== Segment start ==
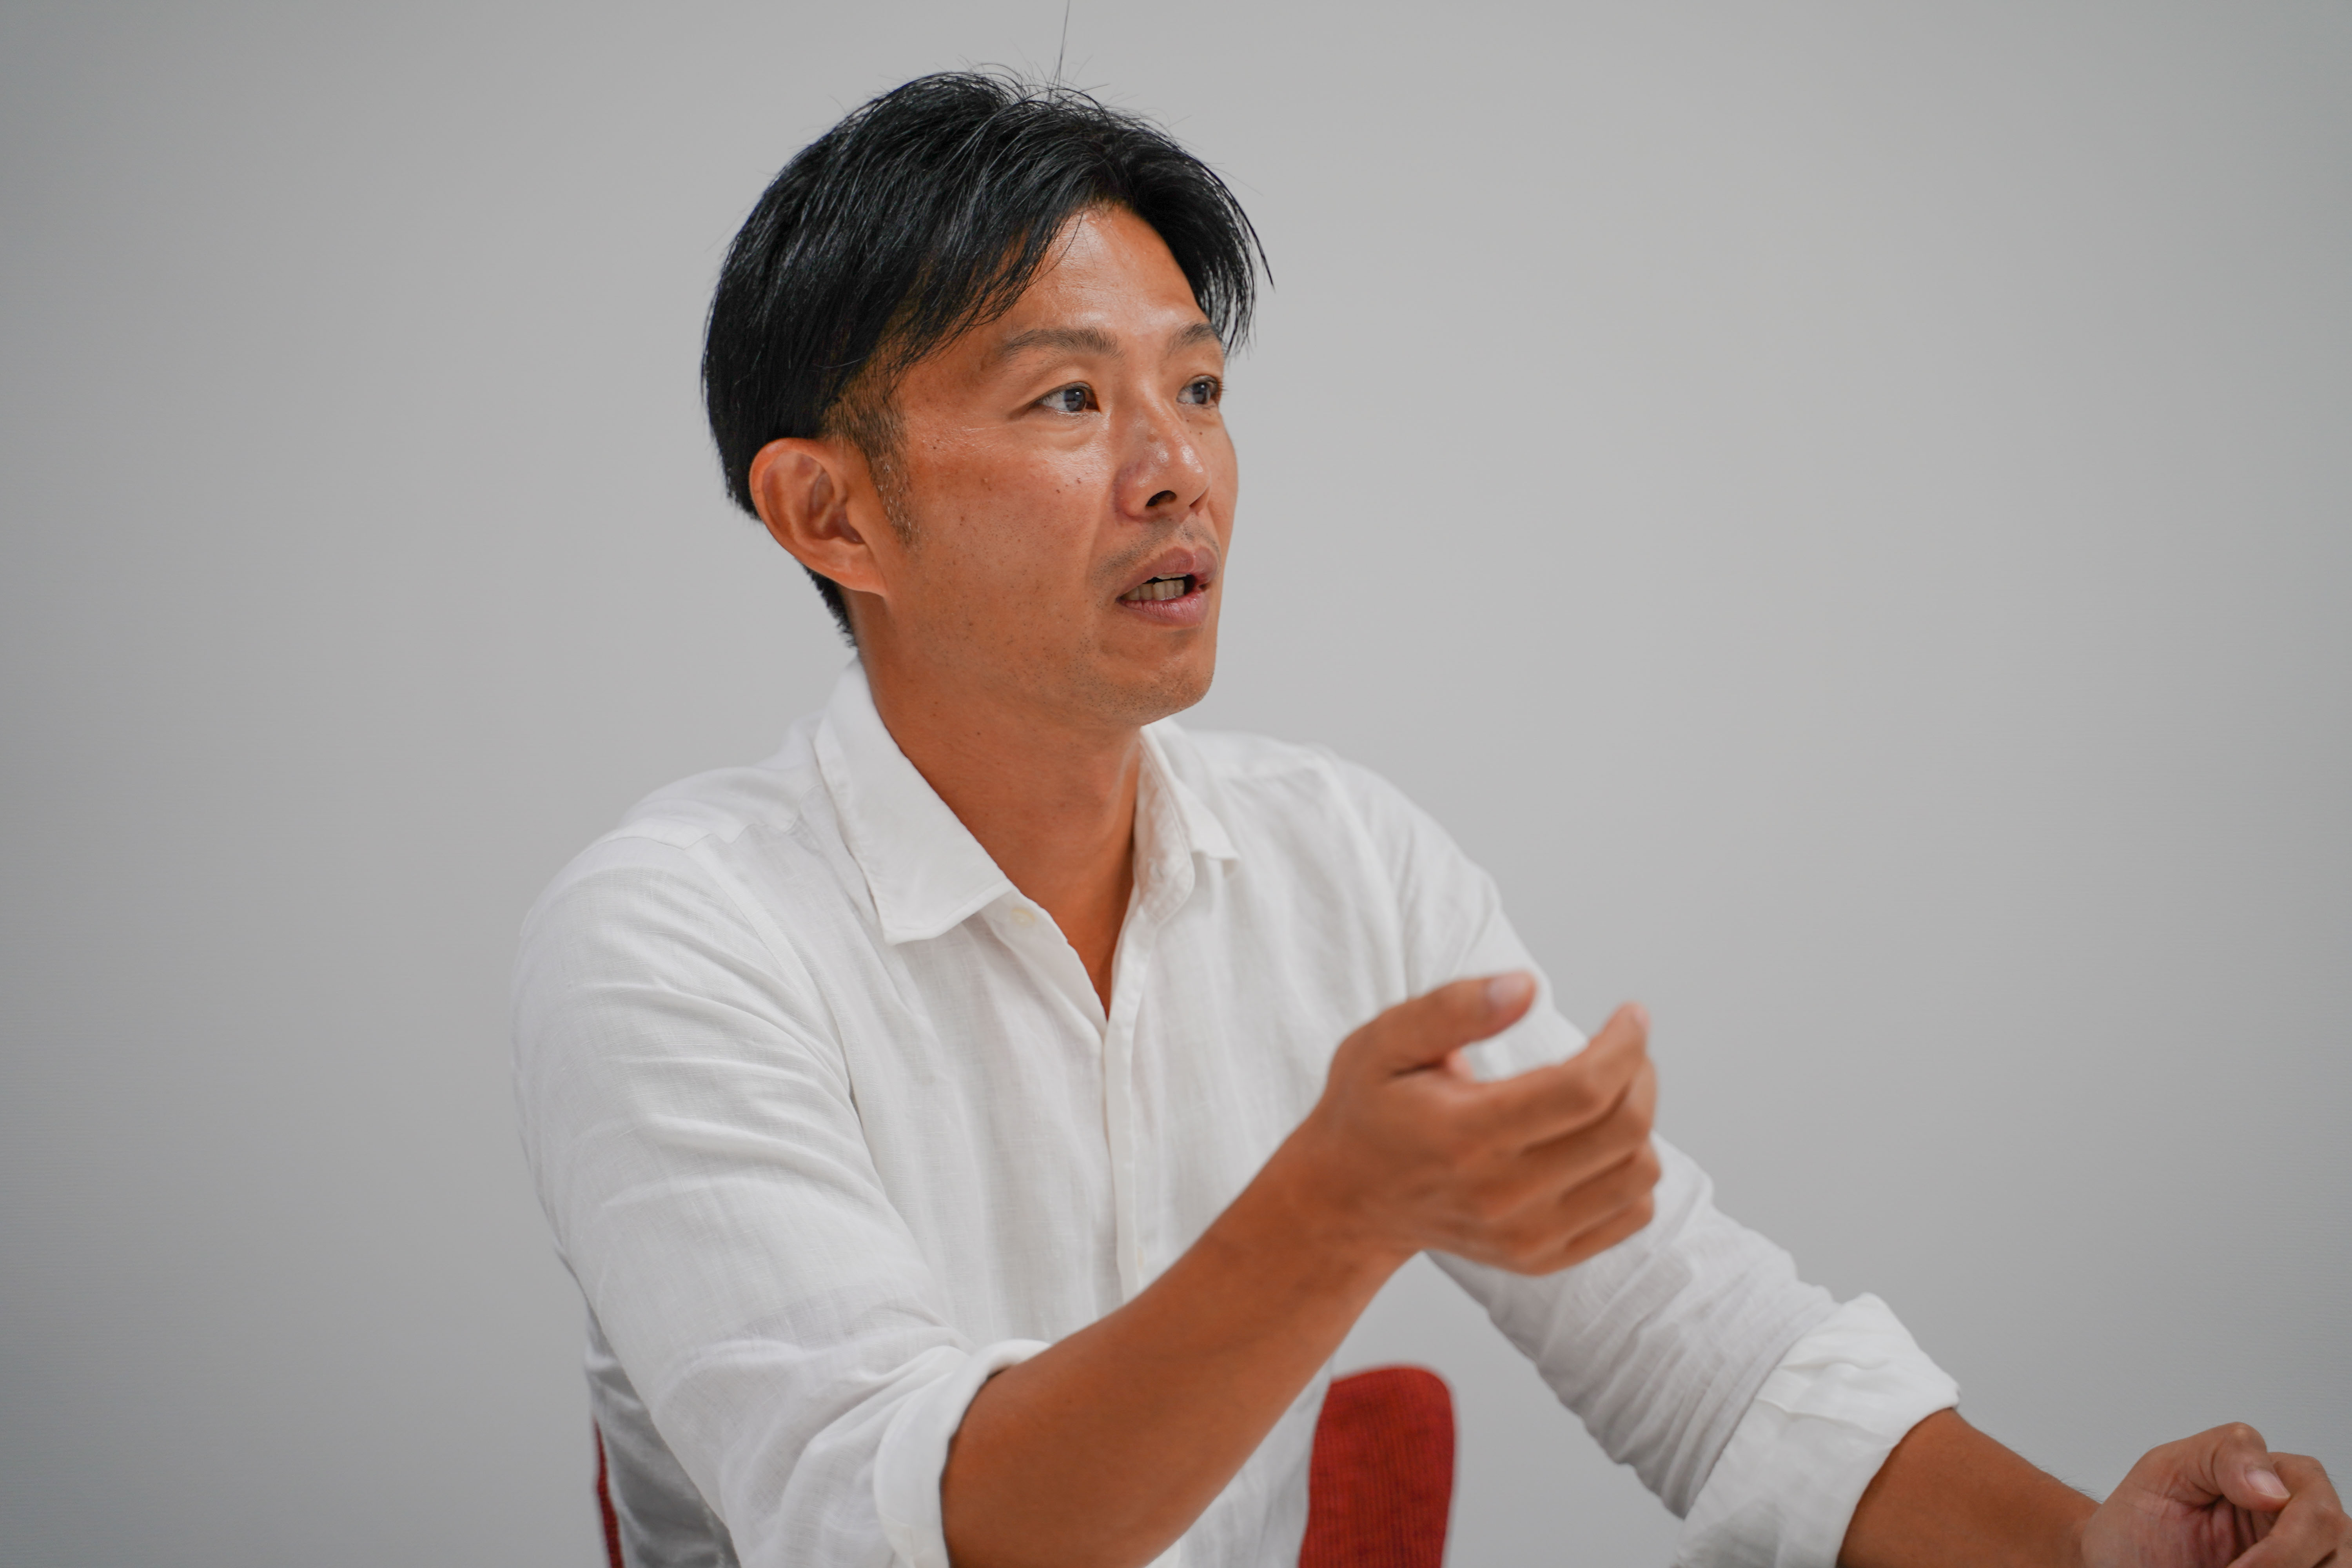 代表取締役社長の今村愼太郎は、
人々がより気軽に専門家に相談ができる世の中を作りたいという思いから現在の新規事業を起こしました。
== Segment end ==
== Segment start ==
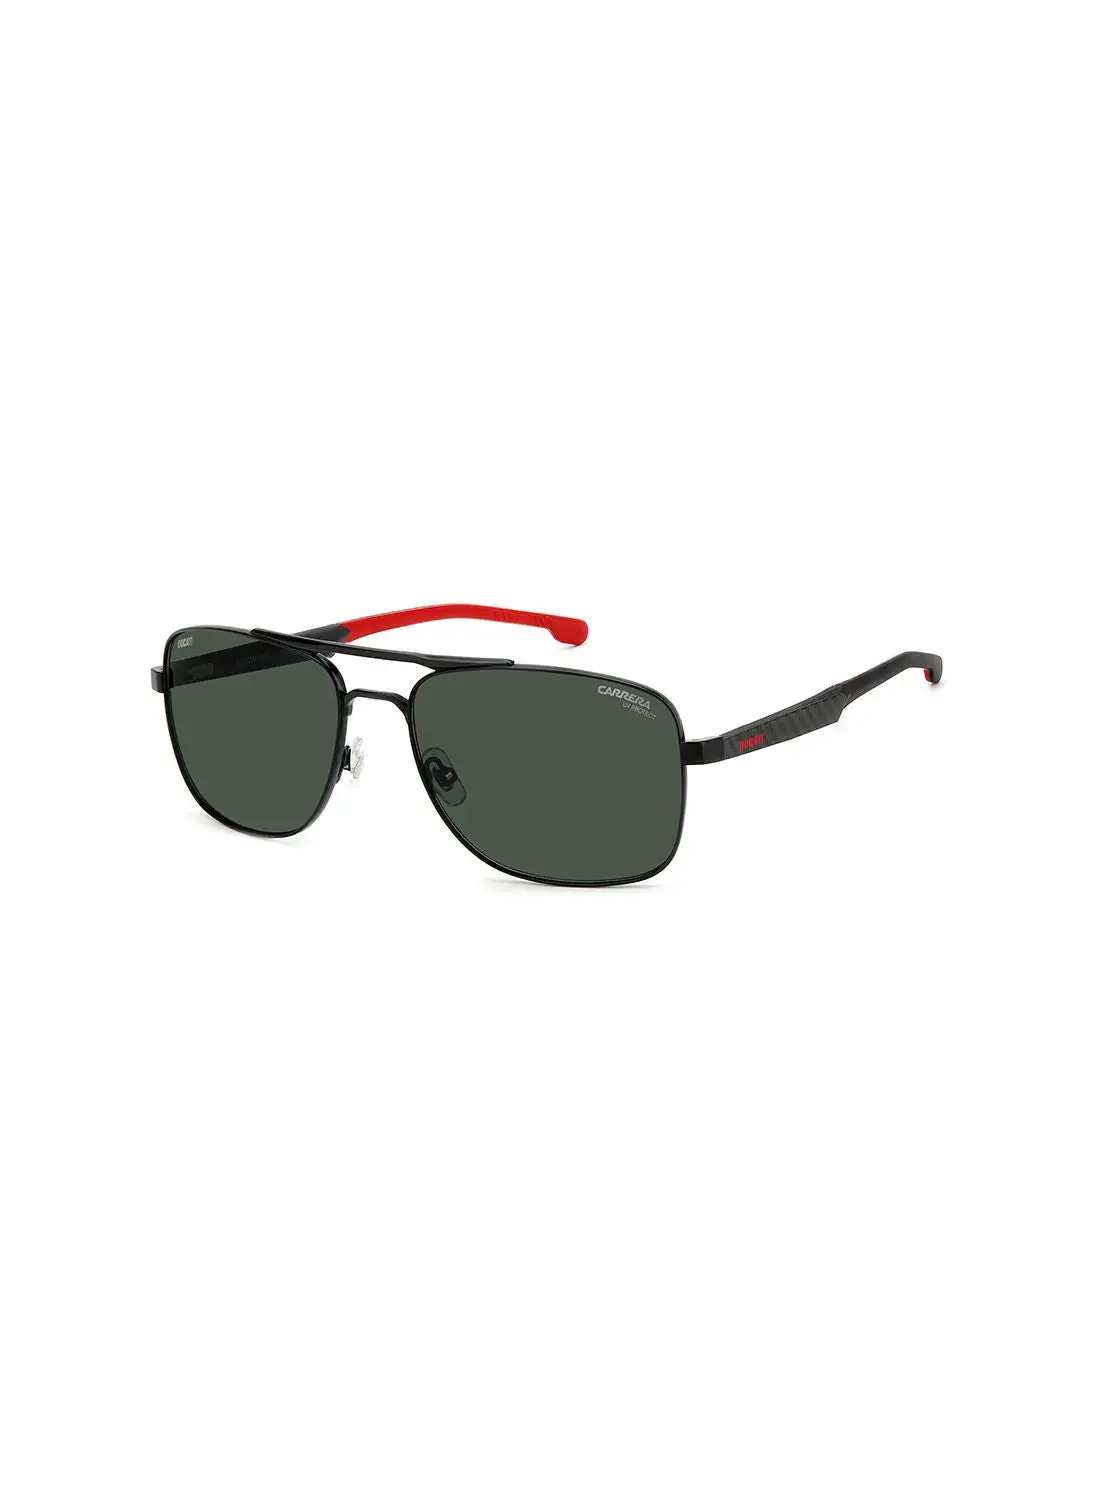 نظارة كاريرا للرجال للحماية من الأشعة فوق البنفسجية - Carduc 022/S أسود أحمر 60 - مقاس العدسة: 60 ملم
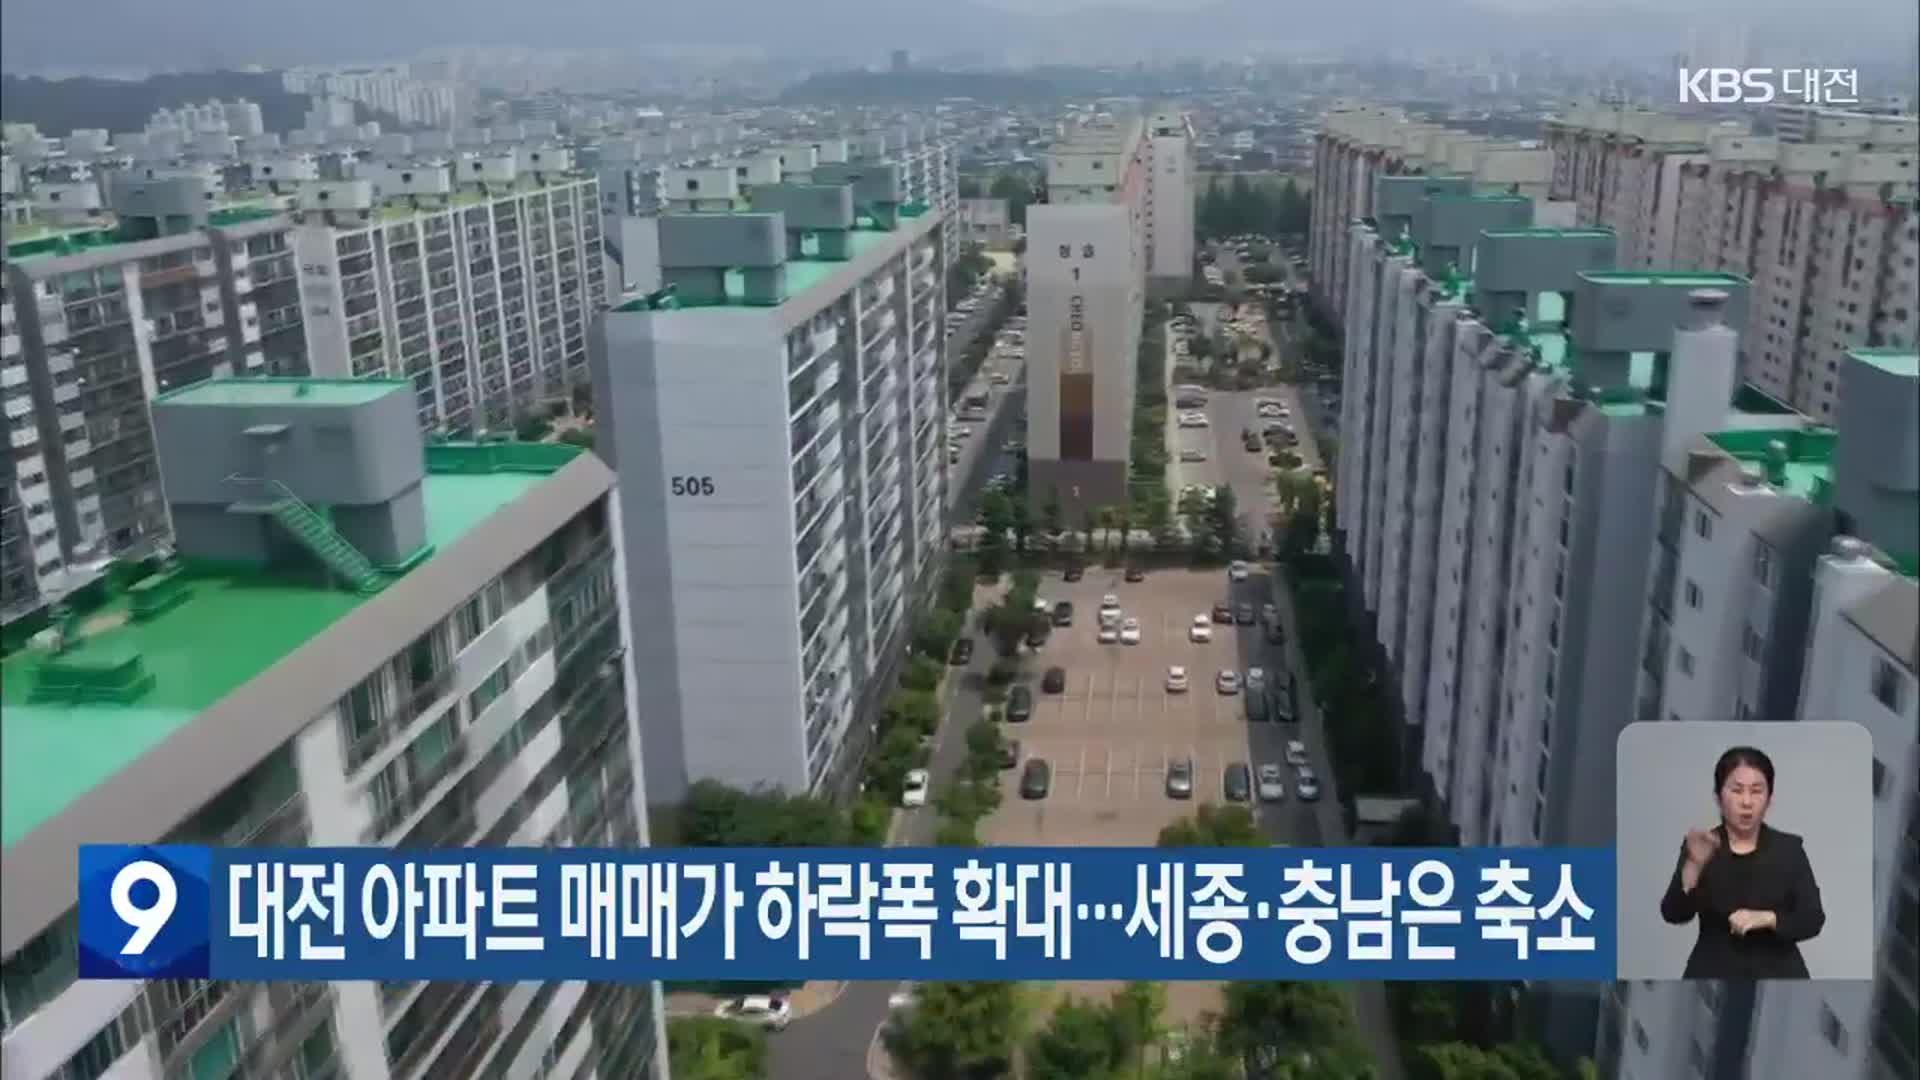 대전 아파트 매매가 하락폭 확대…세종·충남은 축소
== Segment end ==
(Exercise):
In the data above, find the line containing "代表取締役社長の今村愼太郎は、" and the line containing "人々がより気軽に専門家に相談". Repeat those two lines and everything between them exactly, minus the pictures.

(Written solution):
 代表取締役社長の今村愼太郎は、
人々がより気軽に専門家に相談ができる世の中を作りたいという思いから現在の新規事業を起こしました。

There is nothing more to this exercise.